To save disk space in your home folder, we recommend that you let pytorch use the pre-built models that we already downloaded for you (about 1.9G):

mkdir -p ~/.cache/torch/hub/checkpoints
ln -s /usr/shared/CMPT/big-data/dot_torch_shared/checkpoints/* ~/.cache/torch/hub/checkpoints
Learn about Pytorch usage
To familiarize yourself with PyTorch, have a look at the Examples on Tensors, or the NN module, or briefly skim over the 60 min blitz tutorial.

Task 1: Finding rectangles
A nice blog-post by Johannes Rieke presents a simple setup from scratch that finds rectangles in a black & white image. In order to play with it, we just have to translate a few calls from Keras to PyTorch.

To familiarize yourself with using pytorch, have a look at the Examples. The following code is preparing our training setup.

Running Environment for this Assignment
I use Google Colab as the running environment. So some of the code is commented out after submitted for lab testing environment.
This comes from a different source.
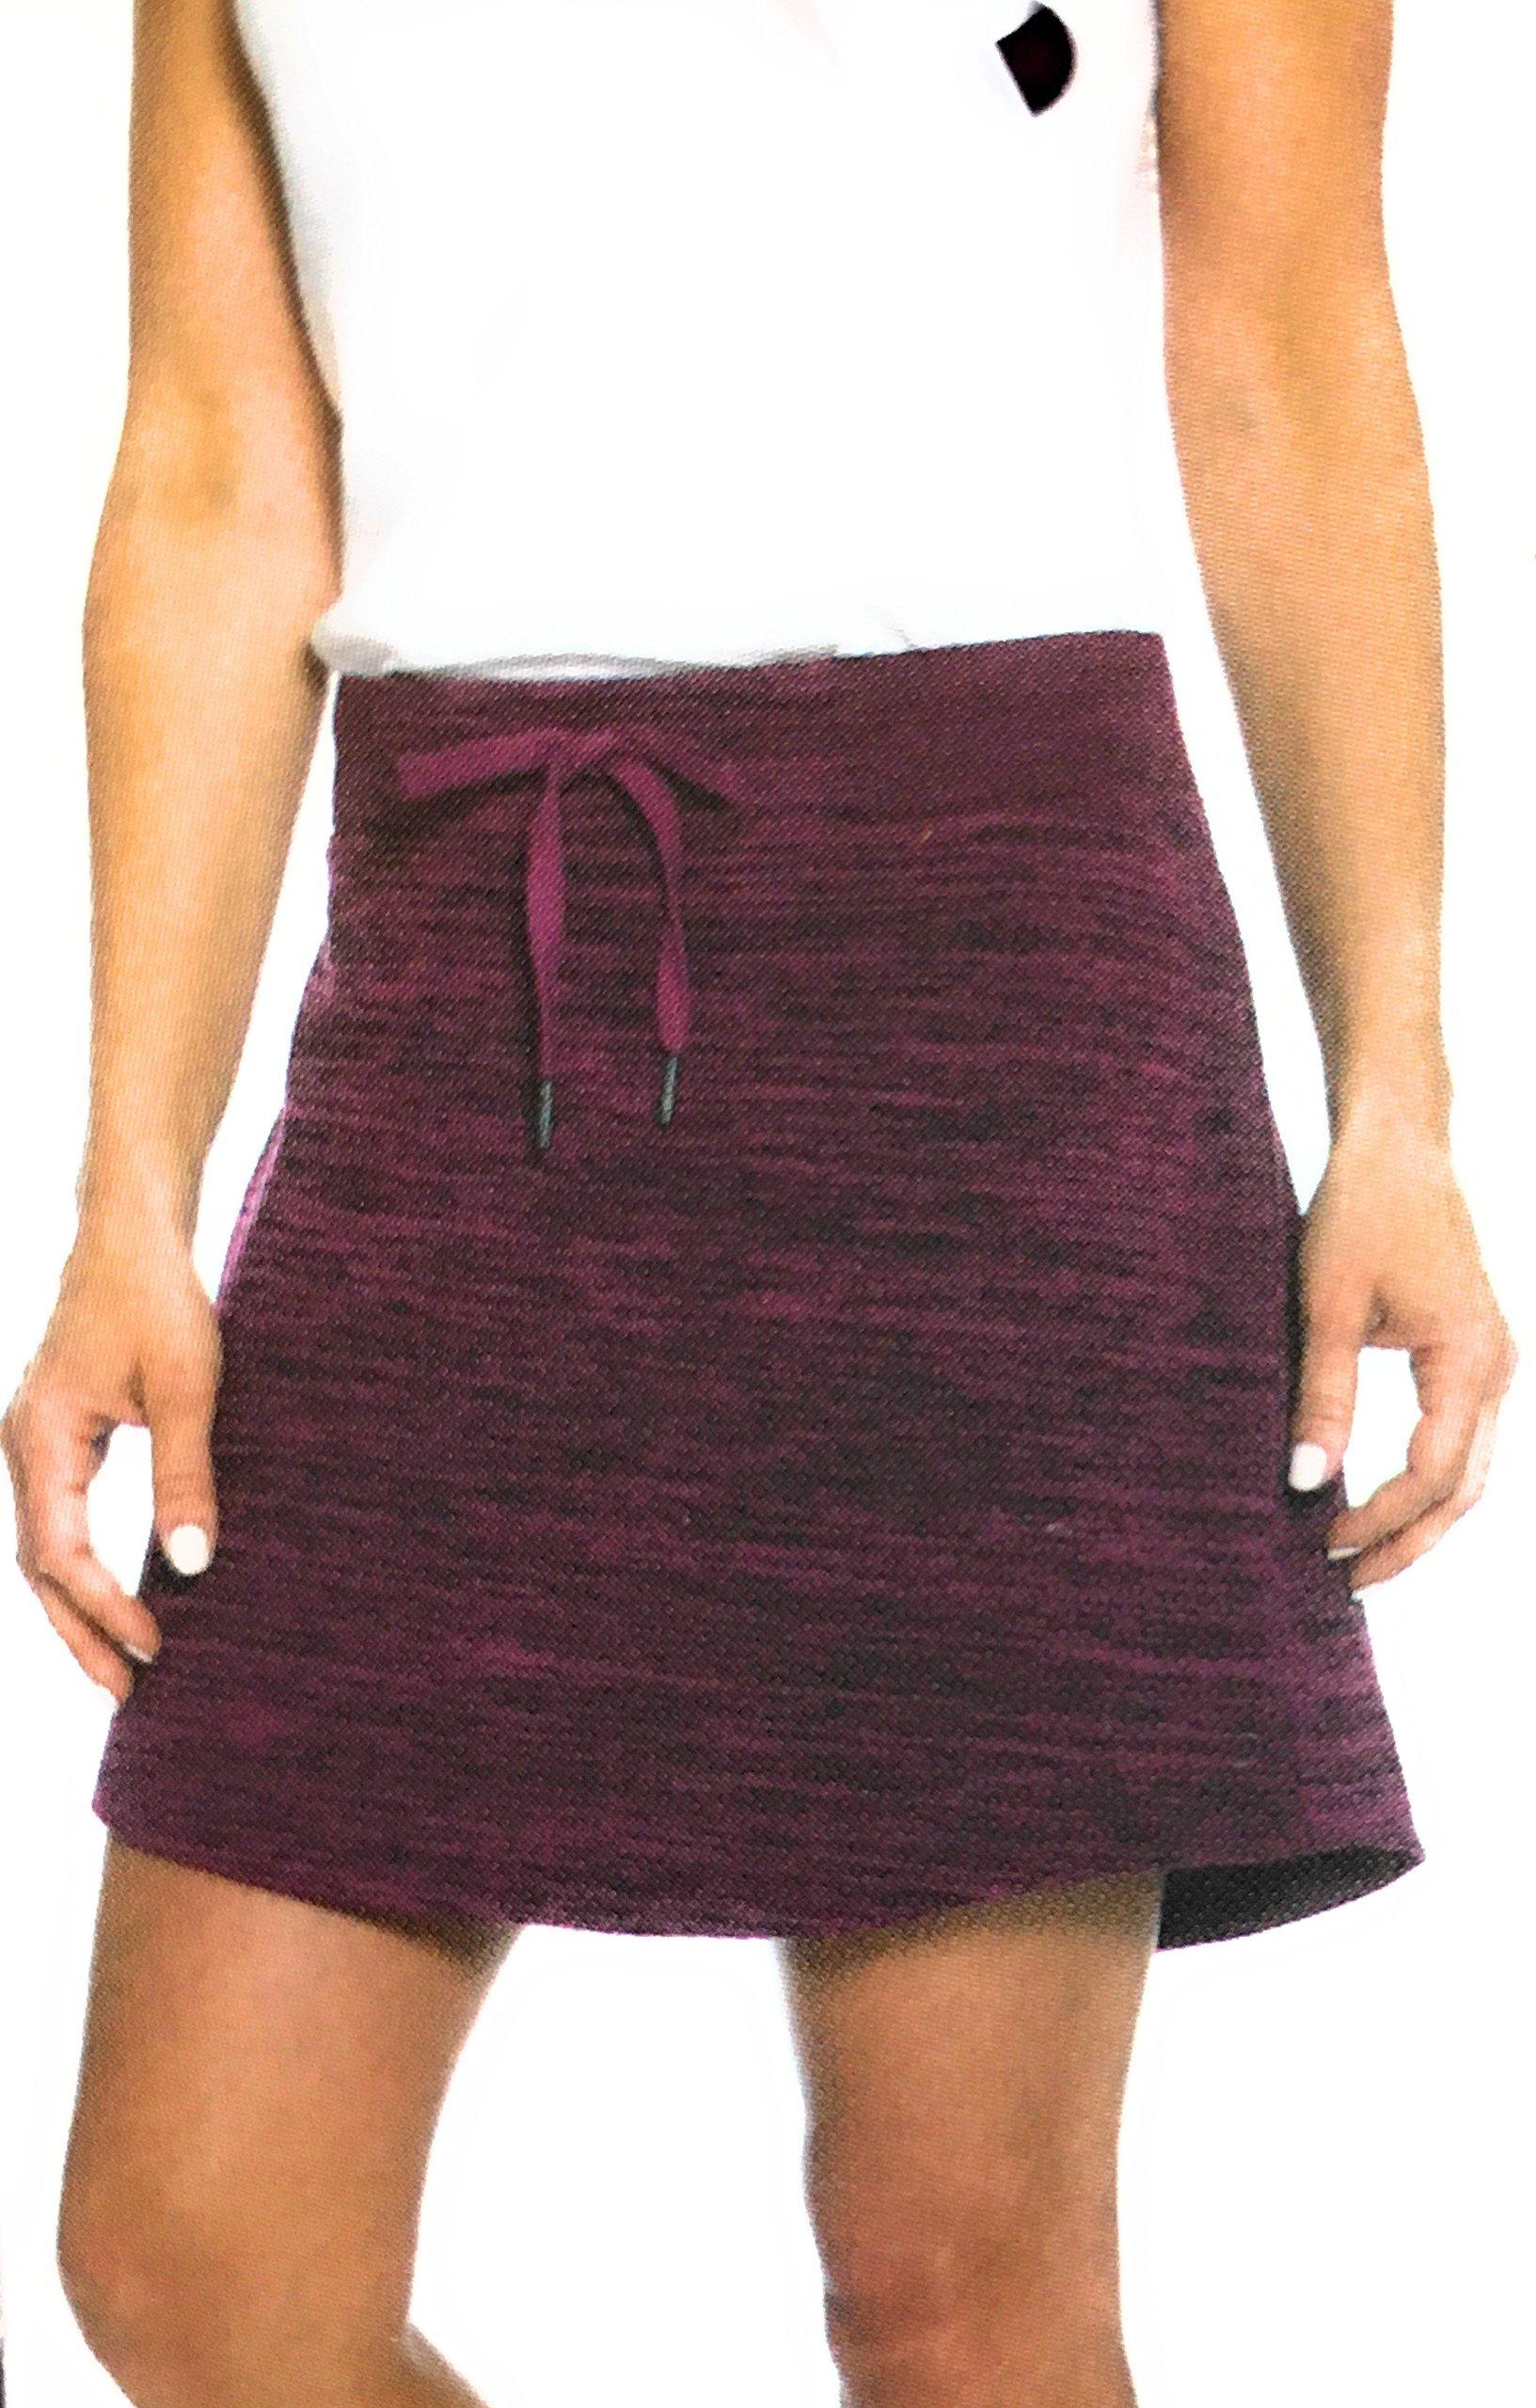 Gerry Women's Skort with Inner Short. (Small)
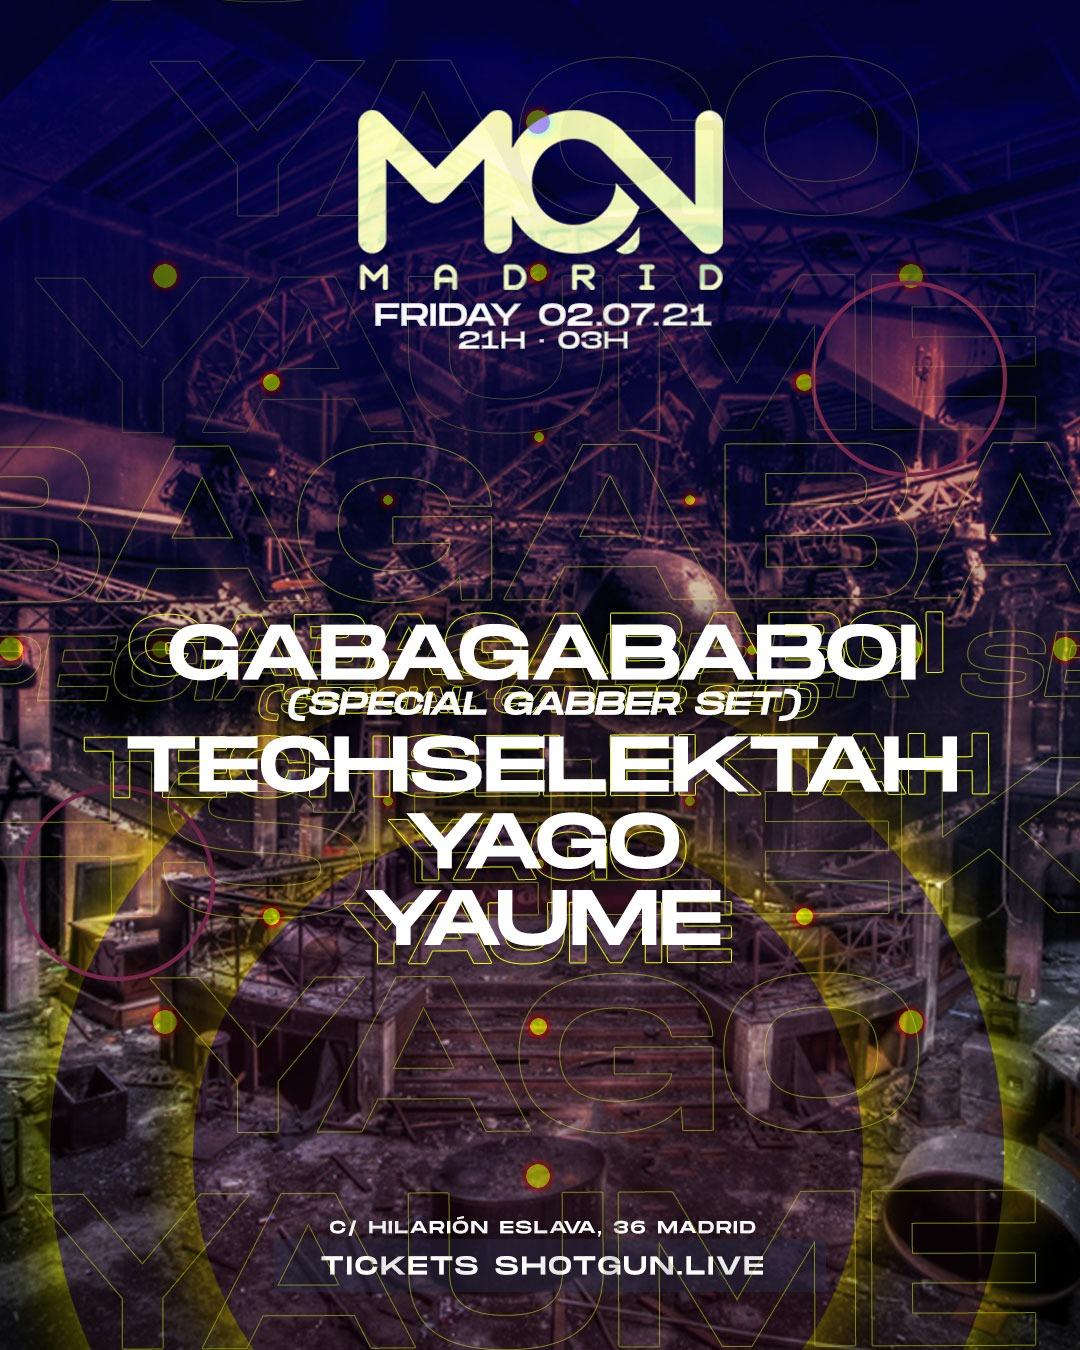 Gabagababoi, Techselektah, Yago & Yaume @Mon Madrid

# to check GPU memory, uncomment and run the following line
# from google.colab import drive
# drive.mount('/content/drive')
!{'nvidia-smi'}
Drive already mounted at /content/drive; to attempt to forcibly remount, call drive.mount("/content/drive", force_remount=True).
Fri Feb 17 22:14:06 2023       
+-----------------------------------------------------------------------------+
| NVIDIA-SMI 510.47.03    Driver Version: 510.47.03    CUDA Version: 11.6     |
|-------------------------------+----------------------+----------------------+
| GPU  Name        Persistence-M| Bus-Id        Disp.A | Volatile Uncorr. ECC |
| Fan  Temp  Perf  Pwr:Usage/Cap|         Memory-Usage | GPU-Util  Compute M. |
|                               |                      |               MIG M. |
|===============================+======================+======================|
|   0  Tesla T4            Off  | 00000000:00:04.0 Off |                    0 |
| N/A   58C    P0    28W /  70W |   4430MiB / 15360MiB |      0%      Default |
|                               |                      |                  N/A |
+-------------------------------+----------------------+----------------------+
                                                                               
+-----------------------------------------------------------------------------+
| Processes:                                                                  |
|  GPU   GI   CI        PID   Type   Process name                  GPU Memory |
|        ID   ID                                                   Usage      |
|=============================================================================|
|    0   N/A  N/A      2932      C                                    4427MiB |
+-----------------------------------------------------------------------------+
import numpy as np
from IPython.display import display, Markdown
import matplotlib.pyplot as plt
import matplotlib

# Create images with random rectangles and bounding boxes. 
num_imgs = 50000

img_size = 8
min_object_size = 1
max_object_size = 4
num_objects = 1

bboxes = np.zeros((num_imgs, num_objects, 4))
imgs = np.zeros((num_imgs, img_size, img_size))  # set background to 0

for i_img in range(num_imgs):
    for i_object in range(num_objects):
        w, h = np.random.randint(min_object_size, max_object_size, size=2)
        x = np.random.randint(0, img_size - w)
        y = np.random.randint(0, img_size - h)
        imgs[i_img, x:x+w, y:y+h] = 1.  # set rectangle to 1
        bboxes[i_img, i_object] = [x, y, w, h]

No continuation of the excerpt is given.